We did see heterogeneity between studies in strength of SNP association with nevus count or melanoma for four loci, most extremely for IRF4 (Supplementary Fig. 10). Meta-regression analysis suggested this is partly due to interactions with age in the case of IRF4 (Supplementary Table 1)—different nevus subtypes are known to predominate at different ages, with the dermoscopic globular type most common before age 20.32 We suspect sun exposure another important interacting covariate, given large differences in total nevus count by latitude.33,34

Epidemiologically, the etiology of melanoma has been divided35 into a chronic sun-exposure pathway and a nevus pathway, where intermittent sun exposure is sufficient to increase risk. At a genetic level, pigmentation genes such as MC1R contribute only via the former pathway (though this can include effects on DNA repair36), others such as MTAP via the latter, while yet others such as IRF4 seem to act via both routes13. We interpret our results as consistent with the hypothesis that nevus number is the intermediate phenotype in a causative chain to melanoma originating in all these biologically heterogeneous nevus pathways. However, we acknowledge that there may also be some genes where there is a direct causal pathway to both phenotypes.

Methods

We carried out a meta-analysis of 11 sizeable GWAS of total nevus count in populations from Australia, Netherlands, Britain, and the United States, subsets of which have been reported on previously5,6,8, and then combined these results with those from a recently published meta-analysis of melanoma GWAS10 to increase power to detect pleiotropic genes. While nevus counts or density assessments are available for melanoma cases from a number of studies, in the meta-analysis of nevus count we included only samples of healthy individuals without melanoma, all of European ancestry (for more details, see Supplementary Methods).

Nevus phenotyping

The assessment of nevus counts varies considerably between the 11 studies in four respects (see Table 1): (a) nevus counts vs. density ratings; (b) whole body vs. only certain body parts; (c) all moles (> 0 mm diameter) or only moles >2 mm, or 3 mm, or 5 mm; and (d) count by trained observer or self-count by study participant. These differences could contribute statistical heterogeneity into our analyses, so we have done considerable preliminary work to convince ourselves that all assessments are measuring the same biological dimension of “moliness” (see Supplementary Fig. 3). A pragmatic test of this is the relative contribution of each study to the detection of the known loci of large effect, which is evident from the forest plots (Supplementary Figs 519).

Statistical methods

Given this, we combined results from each study as regression coefficients and associated standard errors in standard fixed and random effects meta-analyses using the METAL37 and METASOFT38 programs. Manhattan and Q–Q plots for the nevus GWAS meta-analysis (GWASMA) are shown in Supplementary Fig. 45 and for each of the contributing studies in Supplementary Figs 4655.
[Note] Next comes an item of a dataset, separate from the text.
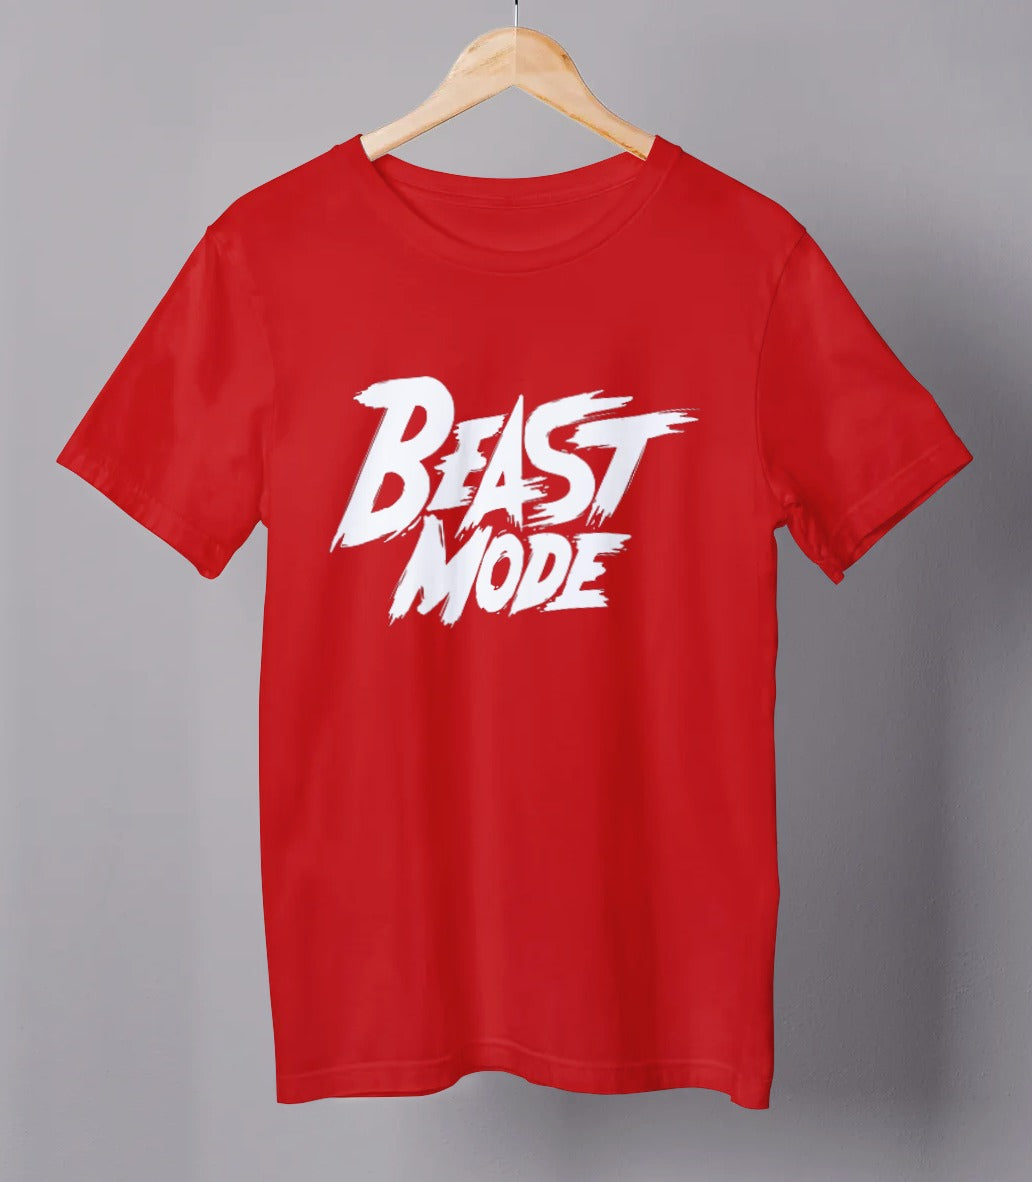 Beast mode red hanging half sleeve men's tshirt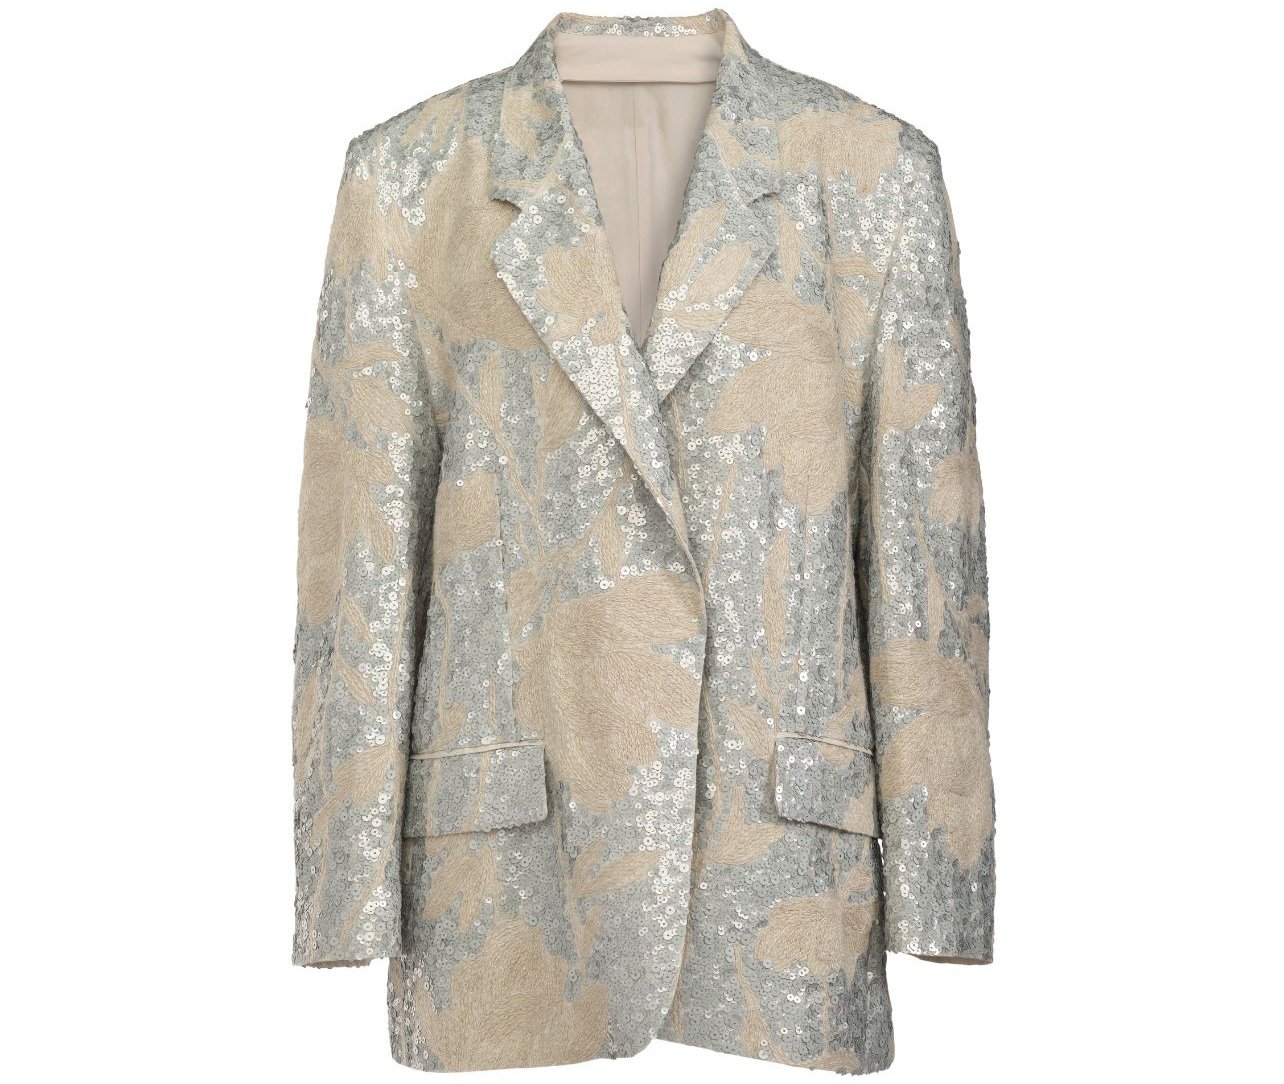 Brunello Cucinelli blazer in cream with silver metallic sequins and embroidering

We combined the results from the nevus meta-analysis above with results from stage 1 of a recently published meta-analysis of CM10. Stage 1 of the CM study consisted of 11 GWAS data sets totaling 12,874 cases and 23,203 controls from Europe, Australia, and the United States; this stage included all six published CM GWAS and five unpublished ones. We do not utilize the results of stage 2 of that study, where a further 3116 CM cases and 3206 controls from three additional data sets were genotyped for the most significantly associated SNP from each region, reaching P < 10−6 in stage 1. As a result, certain melanoma association peaks are not genome-wide significant in their own right in the present bivariate analyses. Further details of these studies can be found in the Supplementary Note to Law et al.10. The combination of the nevus and melanoma results was performed using the Fisher method. A Manhattan plot for the combined nevus GWASMA plus melanoma GWASMA is shown in Supplementary Fig. 4. For more details of statistical methods, see Supplementary Methods.